Ненависть была свойственна не только Шевченко, его друзья Костомаров и Кулиш не менее его грешили, особенно на раннем этапе своего творчества. Если не стоит удивляться речи Шевченко, то знаменитый историк Костомаров потрясает, когда пишет о Екатерине II: «А нимка цариця Катерина, курва всесвитная, безбожниця, убийниця мужа своего, востанне доканала казацтво и волю, бо одибравши тих, котри були в Украини старшими, надилила их панством и землями, понадавала им вильну братию в ярмо и поробила одних панами, а других невольниками». Если ученый позволяет такие речи, то почему бы поэту не выразиться?

Ляхи були - усе взяли,
Кровь повыпивали,
А москали и свит Божий
В путо закували.

Обратим внимание, что поляки, которые фактически уничтожали Православную Русь, для Шевченко терпимее, чем русские люди, те самые люди, спасшие Малую Русь от физического уничтожения. Он не помнил об этом, он воспитывался на «Истории Русов», этой фальшивки, вышедшей из под пера неизвестного писателя, но приписываемой Епископу Георгию Конисскому. То, что «История Русов» станет его настольной книгой, видно из произведения Шевченко «Близнецы», кстати, написанной по-русски. В этой книге рассказывается о некоем помещике Сокире.

«Я сам, будучи его хорошим приятелем, часто гостил у него по нескольку дней и кроме летописи Конисского, не видал даже бердичевского календаря в доме.
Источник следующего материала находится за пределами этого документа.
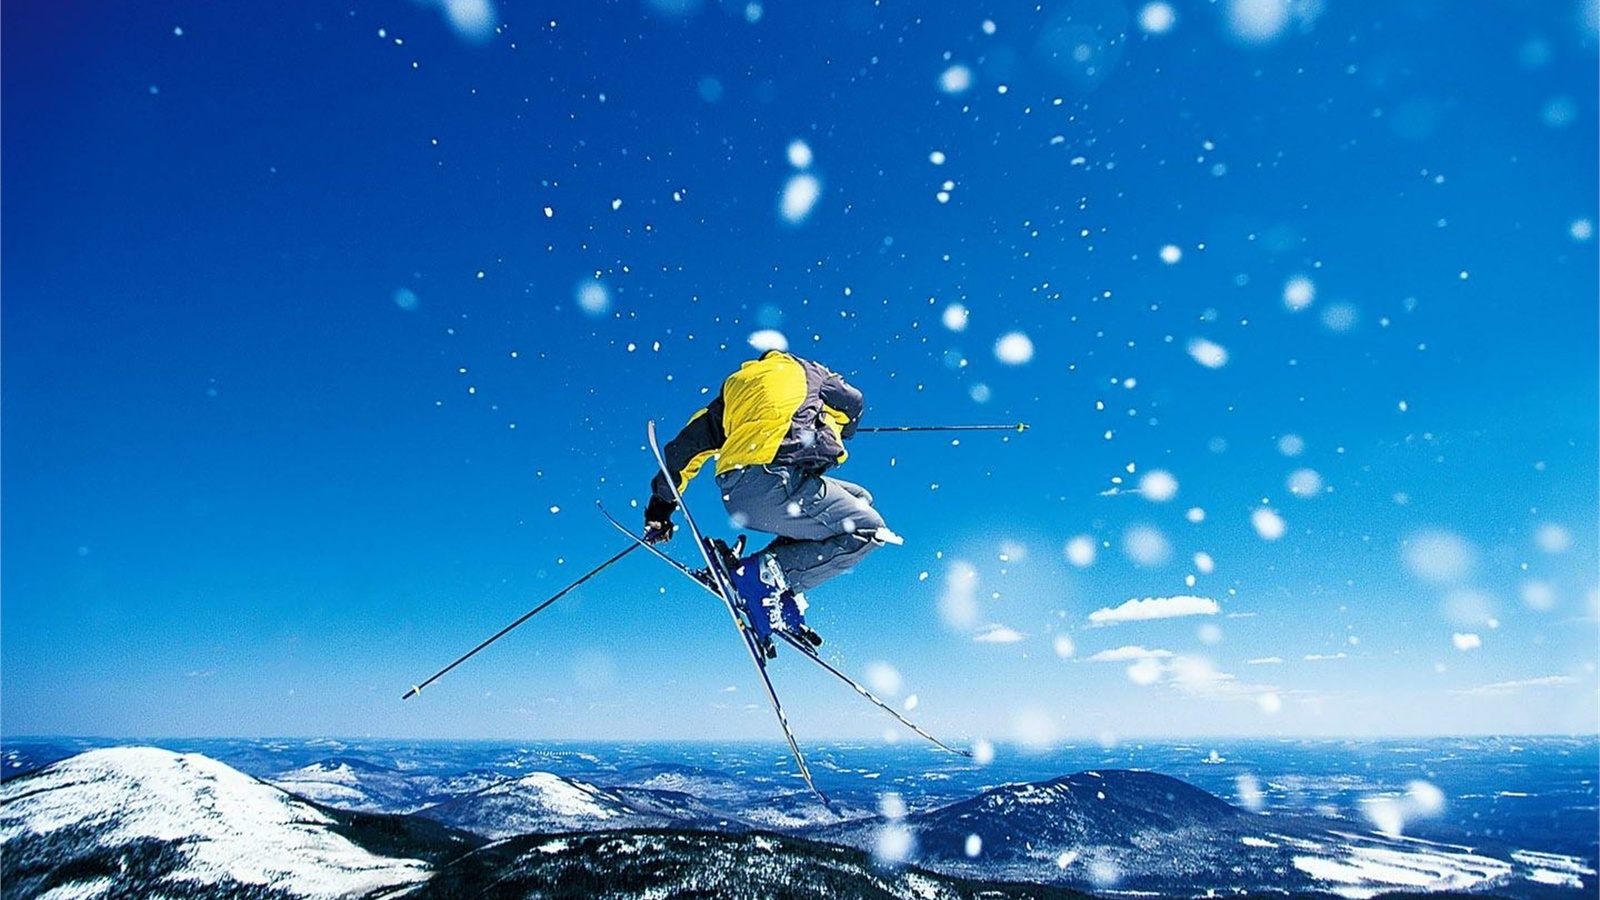 alpine, skiing, sport, jump, snow, mountain

Видел только дубовый шкаф в комнате и больше ничего. Летопись же Конисского, в роскошном переплете, постоянно лежала на столе и всегда заставал я ее раскрытою. Никифор Федорович несколько раз прочитывал ее, но до самого конца ни разу. Все, все мерзости, все бесчеловечья польские, шведскую войну, Биронова брата, который у стародубских матерей отнимал детей грудных и давал им щенят кормить грудью для свой псарни - и это прочитывал, но как дойдет до голштинского полковника Крыжановского, плюнет, закроет книгу и еще раз плюнет».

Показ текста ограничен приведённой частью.